Affaire des 49 militaires ivoiriens : Lourdes peines contre les accusés

Contrairement à ce que les tractations diplomatiques laissaient présager, le jugement ne fut pas une simple formalité. La justice malienne a tenu à jouer pleinement son rôle en organisant un procès en bonne et due forme et est entrée en voie de condamnation

Publié mardi 03 janvier 2023 à 07:05
Affaire des 49 militaires ivoiriens : Lourdes peines contre les accusés

Les 49 militaires ivoiriens qui avaient été interpellés au Mali depuis le 10 juillet dernier ont été fixés sur leur sort, le vendredi 30 décembre, à l’issue de deux jours de procès à huis clos à la Cour d’appel de Bamako. Les 46 accusés comparants ont été condamnés à 20 ans de réclusion criminelle et à deux millions d’amende chacun. Tandis que les trois dames du groupe, libérées pour raison humanitaire et n’ayant pas comparu, ont été condamnées  par contumace à la peine de mort et à 10 millions d’amende chacune.

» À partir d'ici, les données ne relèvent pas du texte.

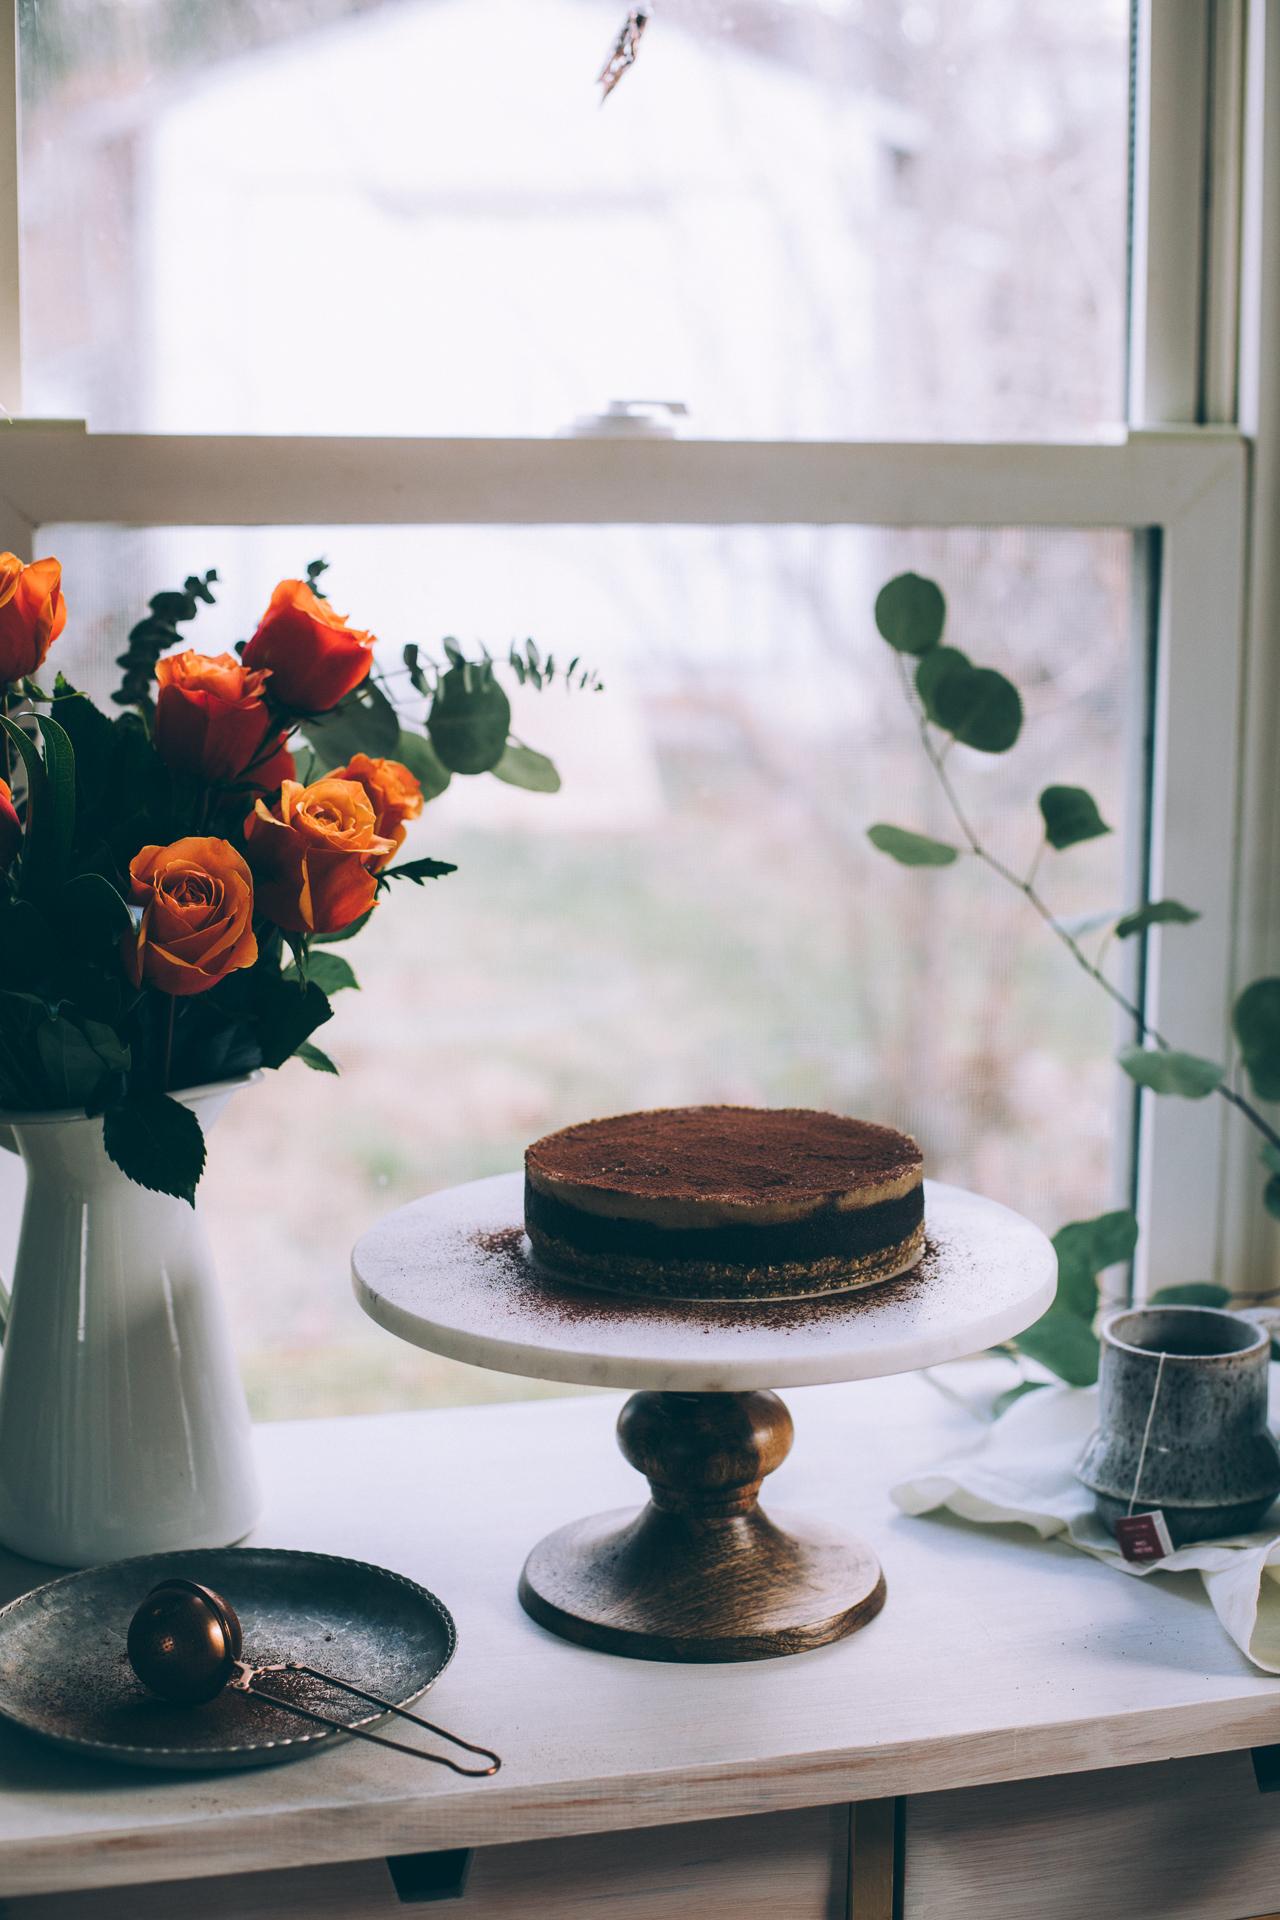 raw-vegan-chocolate-cashew-caramel-cake-7088.jpg
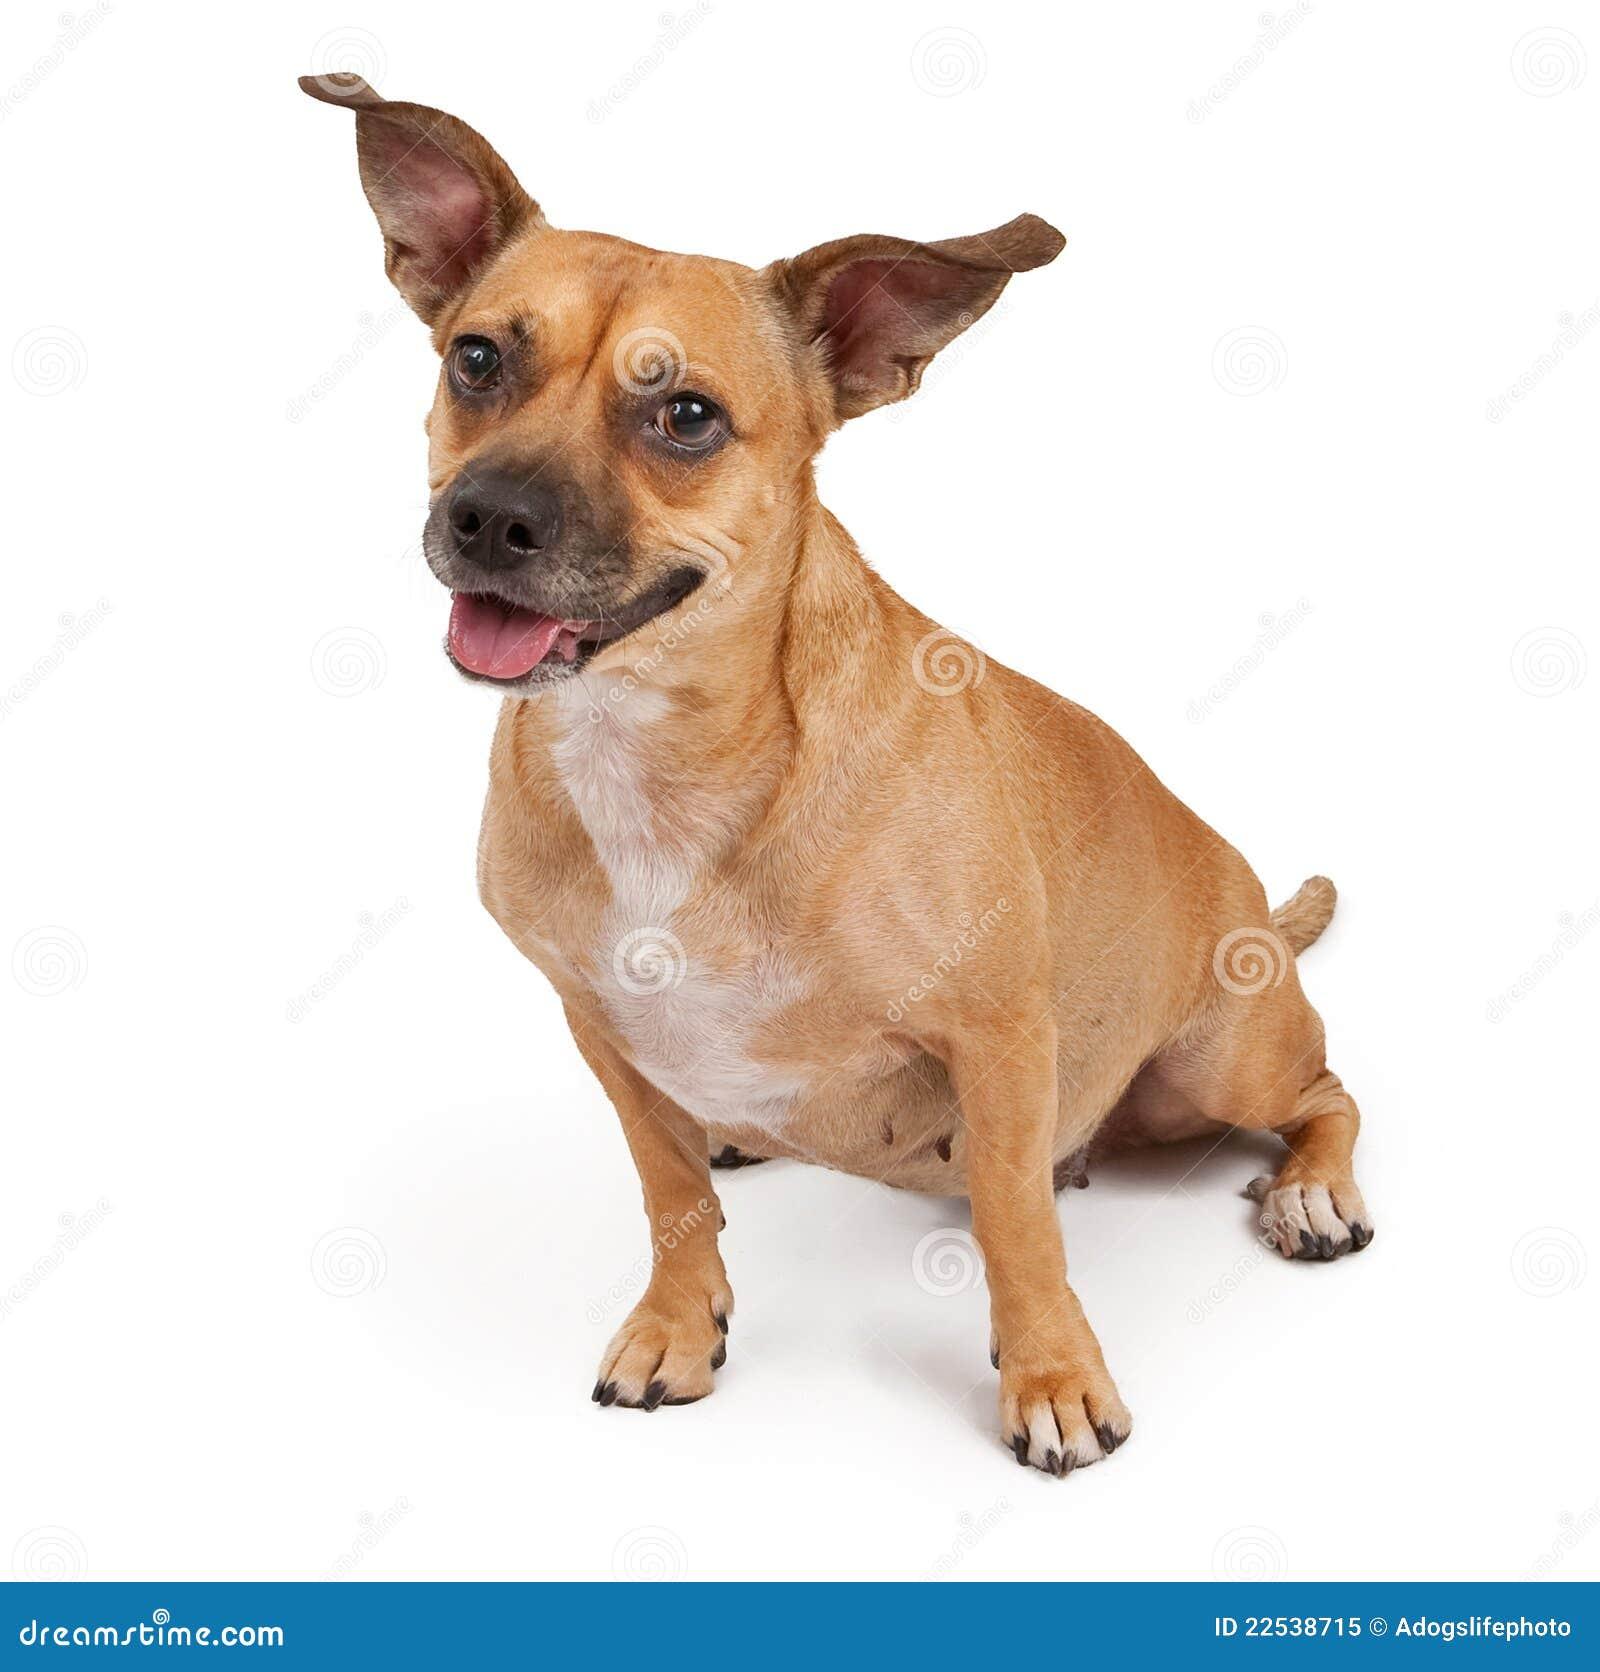 White Dog Perky Ears

Dans l’arrêt de renvoi devant la Cour d’assises en date du 27 décembre 2022, ces 49 militaires, qui sont tous de nationalité ivoirienne, sont inculpés d’association de malfaiteurs, attentat et complot contre le gouvernement, atteinte à la sureté extérieure de l’État, détention, port et transport d’armes et de munitions de guerre ou de défense intentionnellement en relation avec une entreprise  individuelle et collective ayant pour but de troubler gravement l’ordre public par l’intimidation ou la terreur et de complicité.

Cette affaire dite ministère public contre Kouassi Sanni Adam a connu son épilogue le vendredi après deux jours de procès à huis clos. La Cour d’assises a rendu deux  arrêts. Dans le premier arrêt (arrêt n°201), la Cour a condamné les 46 militaires ivoiriens (les accusés comparants) à 20 ans de réclusion criminelle et à deux millions d’amende chacun. Par le second arrêt (arrêt n°202), elle a condamné  les trois accusées non-comparantes  par contumace à la peine de mort  et à 10 millions d’amende chacune.  La Cour a, en outre, ordonné  la confiscation des armes ayant servi à la commission des infractions retenues à la charge des accusés.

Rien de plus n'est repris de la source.